On the way to the pond, Greyson’s hand finds mine.

“Is this okay?” he asks thoughtfully, rubbing his thumb across the back of my hand.

“You’re cheating. You can’t caress my hand and ask that at the same time.”

“I think that’s well within the rules.”

“Hmmm,” I say, rubbing my thumb across the back of his hand.

“Yep. In bounds,” he says with a smile down at me.

We walk the rest of the way like that, hands intertwined, a familiar, comfortable silence between us.

When we get to the pond, Greyson says, “So, this is the pond.”

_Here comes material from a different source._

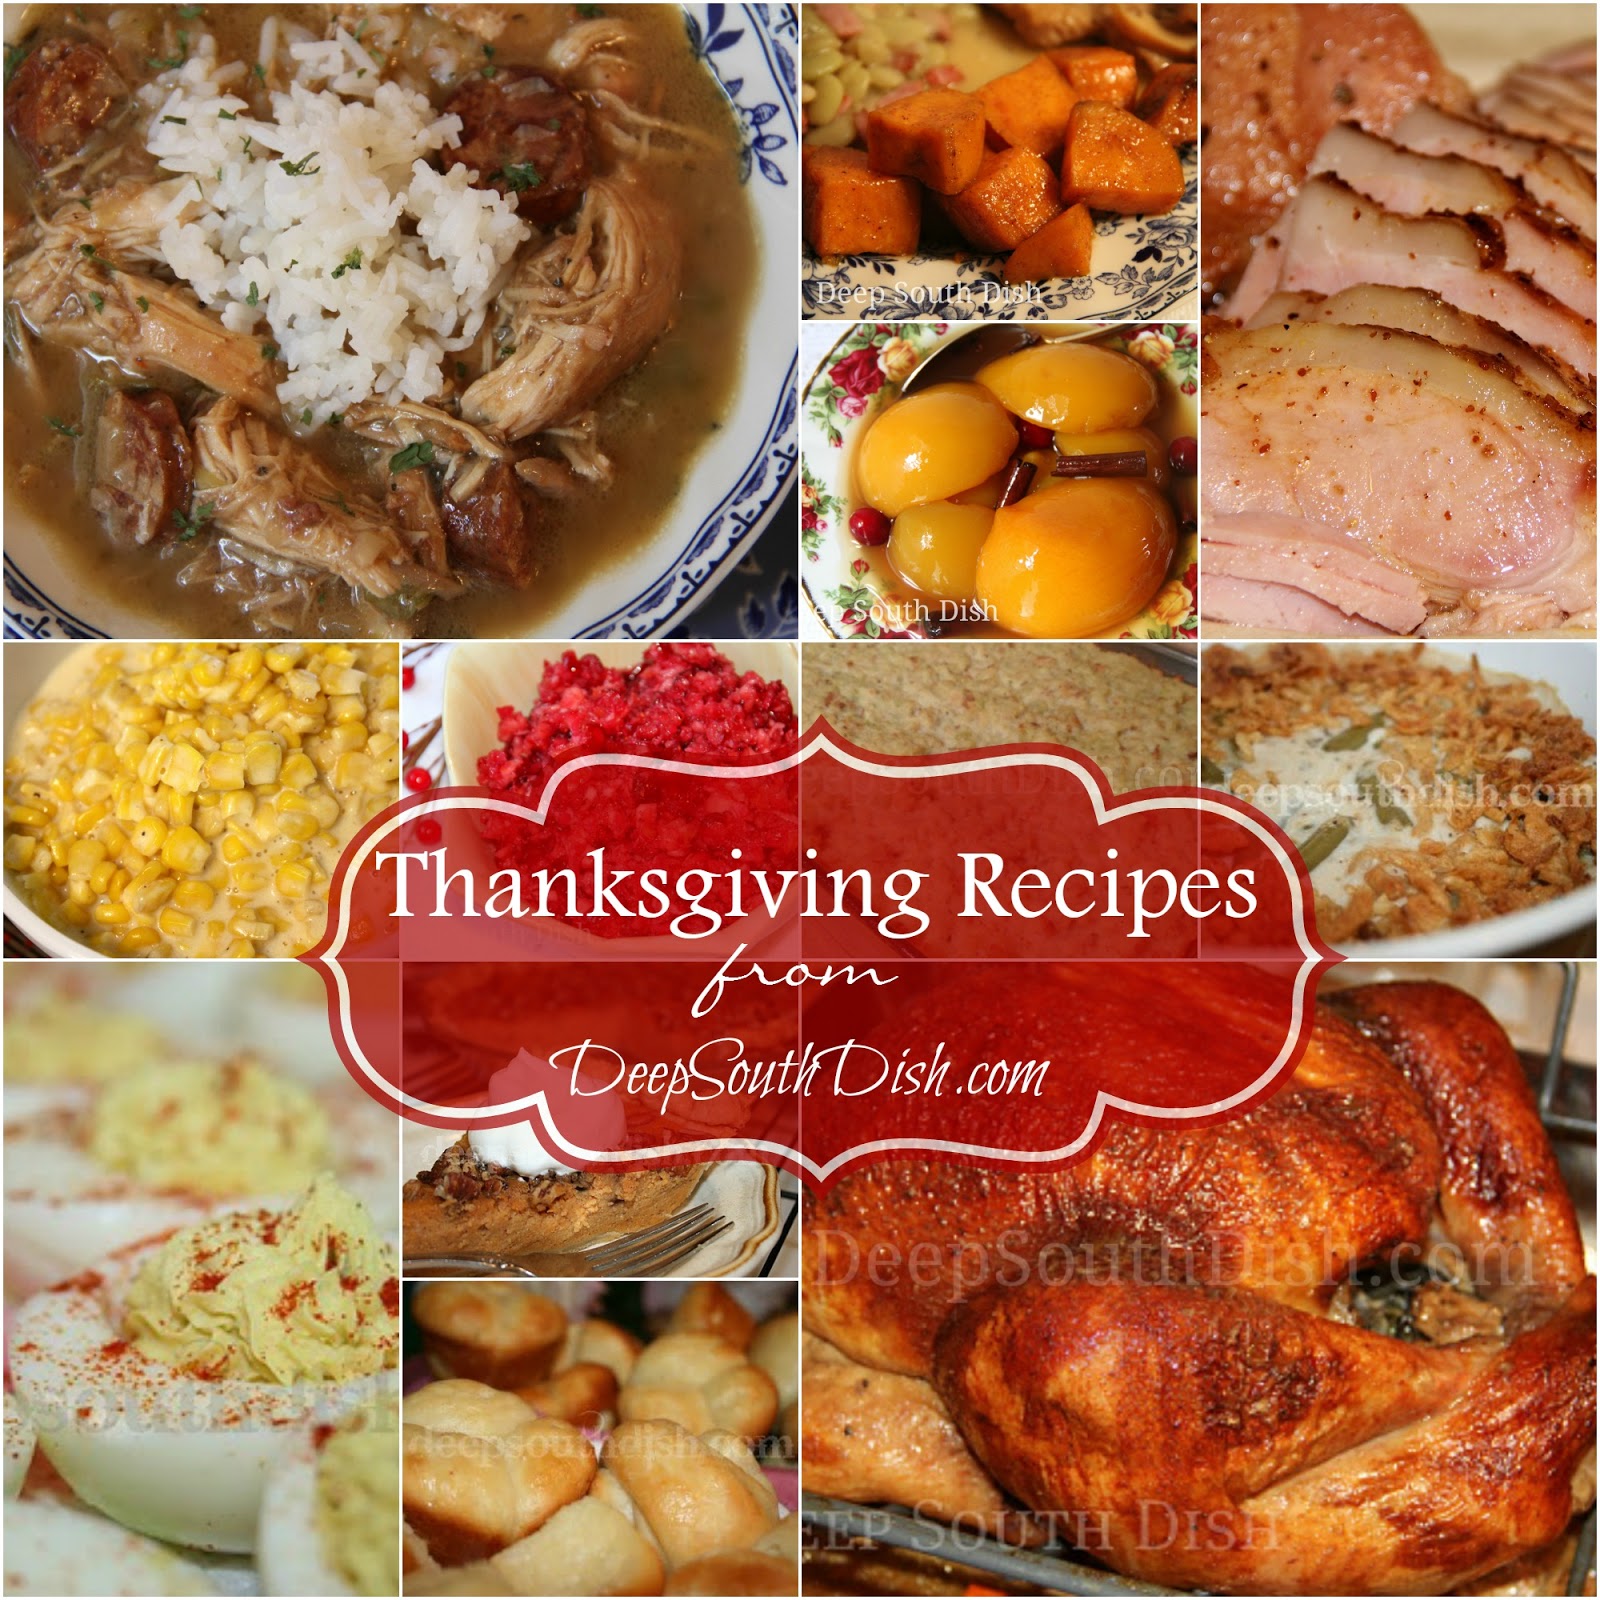 Deep South Dish Deep South Southern Thanksgiving Recipes And Menu Ideas

I laugh. “I think you need to work on this part of the tour.”

“It’s a pond.”

“Right. Well, maybe, work on the presentation.”

“More adjectives?” he asks, pretending to be weary.

“Tell me what it was like the first time you saw this pond.”

He glances at it, eyes roving the glassy surface, taking in the greenery around the edges. Then he looks at me. “It was hard.”

I tilt my face up toward his, not saying a word. Giving him room to expound or not.

“Here I was about to buy my first home—in my twenties—not even required to make a down payment and securing aVA loan. And Zach would never …” His voice catches in his throat. “It didn’t feel fair.”

“It’s not,” I agree.

He nods. His eyes look moist, but he doesn’t cry. He just turns to face the pond and we stare across the water together, his hand clinging to mine with a grip that’s simultaneously tender and firm.

“I’m not always thinking of Zach when I come out here,” he says after a little while. “Sometimes I take a walk at sunset. I’ll come through my woods and circle out the other road and then I stand here and think, or just listen to the sounds in the stillness.”

We’re quiet. I want to hear what he hears when he’s out here alone. The spring peepers make their high, peep-peep-peep from the pond edges, accompanied by occasional deeper croaks from bullfrogs. Birds call from the cattails. Robins chatter. The flutter of wings or a fish flopping splashes the water.

“I like it,” I say.

“Me too,” he says.

And he has that look—the one that says he wants to kiss me. And I want him to.

I turn, pulling our interlocked hands behind me and resting his palm on my back. Then I lift on tiptoes, looping my hands around his neck.

“I want to kiss you,” I say, my voice practically a whisper.